La force de Ste Thérèse de l’Enfant Jésus et de la Sainte Face

Homélie de l'abbé Faure, curé de St Eugène Ste Cécile à Paris, à l'occasion de la fête solennelle de Ste Thérèse de l'Enfant-Jésus et de la Sainte Face :

"Nous fêtons ce matin Sainte Thérèse de l’Enfant Jésus et de la sainte face, autrement connue sous le nom de sainte Thérèse de Lisieux, proclamée patronne universelle des missions par le Pape Pie XI en 1925, et patronne secondaire de la France par le pape Pie XII en 1944. Cette petite fille normande est née dans une famille d’Alençon en 1873. Sa mère a perdu 4 enfants. Marie Françoise Thérèse fait partie des 5 enfants restés en vie. Mais quand elle a 4 ans sa mère vient à mourir, provoquant l’installation de la famille à Lisieux. Et quand elle 21 ans, c’est son père chéri qui meurt. Finalement Thérèse elle-même, emportée par la tuberculose s’éteint à 24 ans, le 30 septembre 1897, en déclarant : « je ne meurs pas, j’entre la vie ». Thérèse est entrée au Carmel de Lisieux à 15 ans. Ses sœurs carmélites ont été unanimes à dire après sa mort que sa vertu principale a été la force. Dans cette force d’âme que la mort n’a vaincue ni dans la disparition des proches ni dans la maladie nous avons un témoignage de la vraie sainteté. Par l’intercession de Sainte Thérèse demandons cette force d’âme pour les missionnaires, pour la France et pour nous-mêmes.

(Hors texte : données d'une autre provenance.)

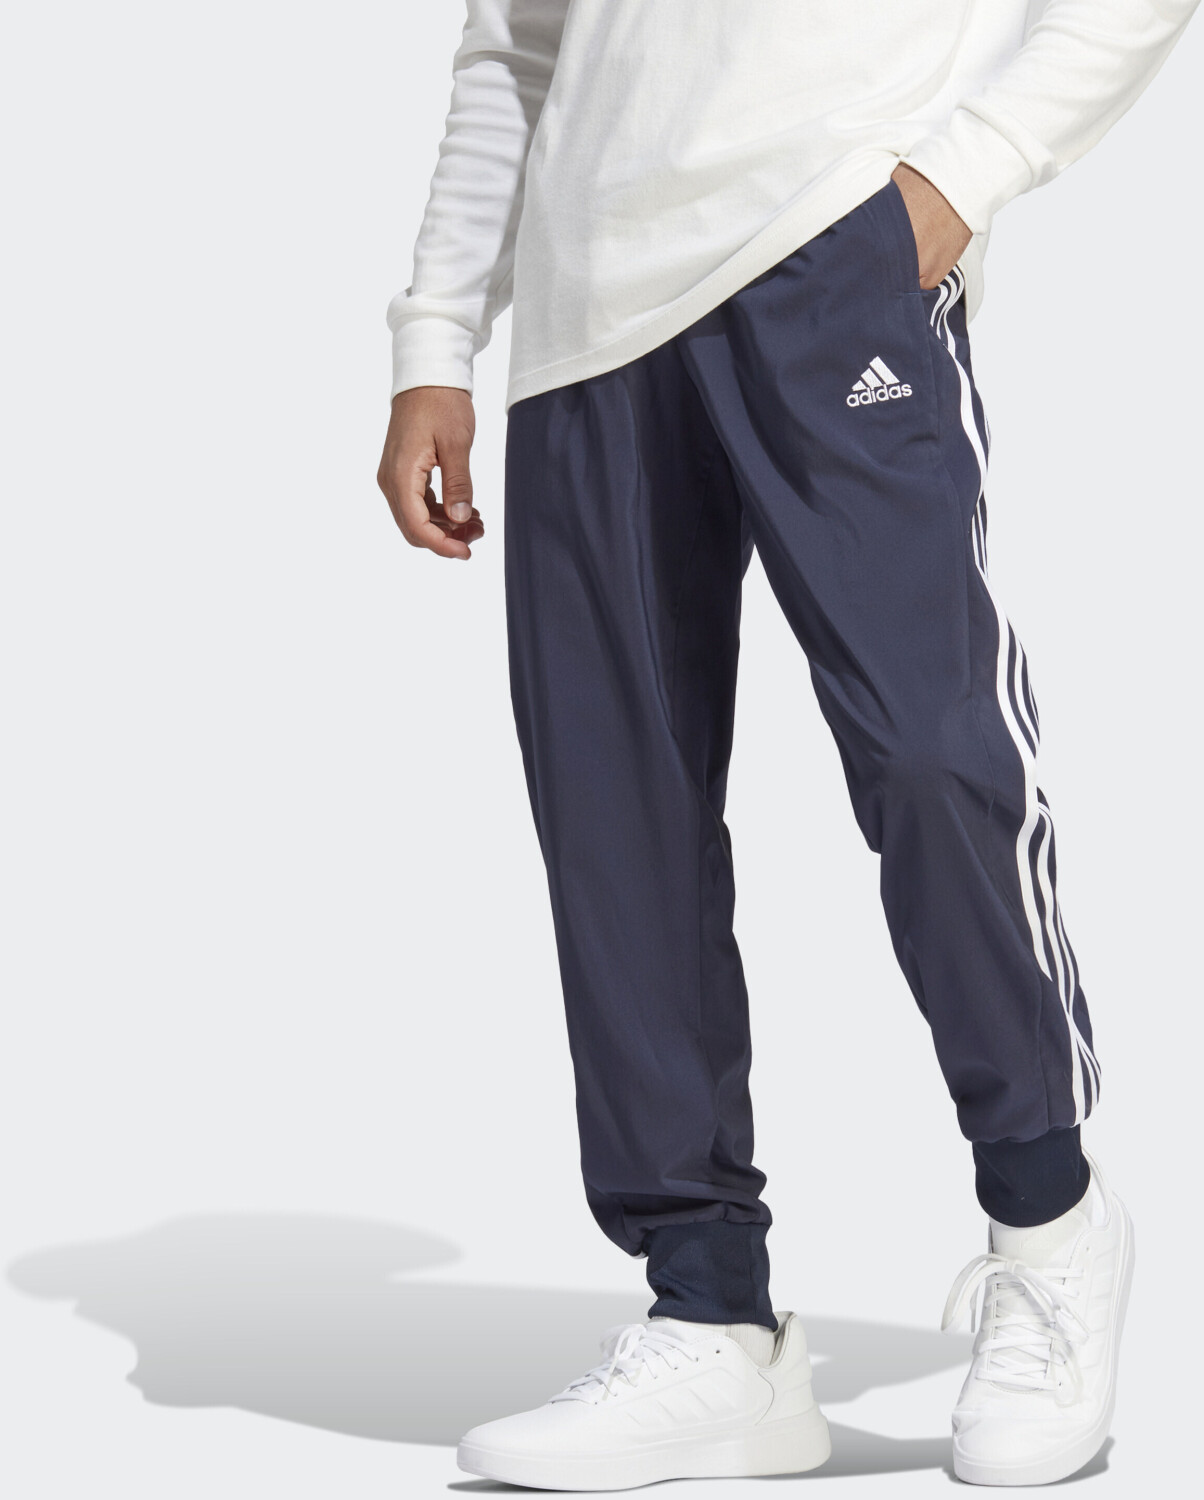 Adidas Tapered 3-Stripes Woven € 34,75 ab Pants bei Cuff Preisvergleich legend Ink/white | (IC0042) AEROREADY Essentials Man

Thérèse est d’abord la patronne des missions. Pour au moins deux raisons. La première raison est liée à la petite voie que Thérèse a suivie, voie spirituelle de l’enfance devant Dieu qui ne signifie pas redevenir comme un bébé, mais renaître par l’Esprit-Saint comme frère et sœur du Christ, le Fils unique de Dieu, et ne faire qu’un avec lui. Or cette situation est celle d’un abandon total à la volonté du Père. Le cardinal Daniélou en 1969 au Carmel de Lisieux résumait la petite voie de Thérèse en la présentant comme « l’infini du désir dans la totale impuissance ». Thérèse veut tout, et veut avoir toutes les vocations : « sans doute écrit-elle ces trois privilèges sont bien ma vocation, Carmélite, Épouse et Mère, cependant… je me sens la vocation de Guerrier, de Prêtre, d'Apôtre, de Docteur, de Martyr, enfin, je sens… le désir d'accomplir pour toi Jésus, toutes les œuvres les plus héroïques… Je sens en mon âme le courage d'un Croisé, d'un Zouave Pontifical, je voudrais mourir sur un champ de bataille pour la défense de l'Église. » Thérèse veut tout et elle découvre qu’elle ne peut rien. Mais au lieu que cette découverte la brise et la désespère elle est au contraire une grande lumière. Car tout vouloir et ne rien pouvoir oblige alors à ne compter que sur l’amour de Dieu. Cette réaction géniale et inspirée par l’Esprit Saint est un message libérateur. Avoir une prière missionnaire, ajoutait le cardinal Daniélou, c’est se faire un cœur à la mesure du monde tout en ayant conscience de notre totale impuissance pour sauver le monde. Mais justement cette impuissance qui pourrait faire désespérer oblige au contraire à ne compter que sur Dieu et à n’attendre le salut du monde que de la Toute Puissance de l’Amour. Bien sûr, le missionnaire prie et s’active. Mais c’est Dieu qui convertit les cœurs. Et de cette vérité profonde Thérèse est la gardienne et la patronne.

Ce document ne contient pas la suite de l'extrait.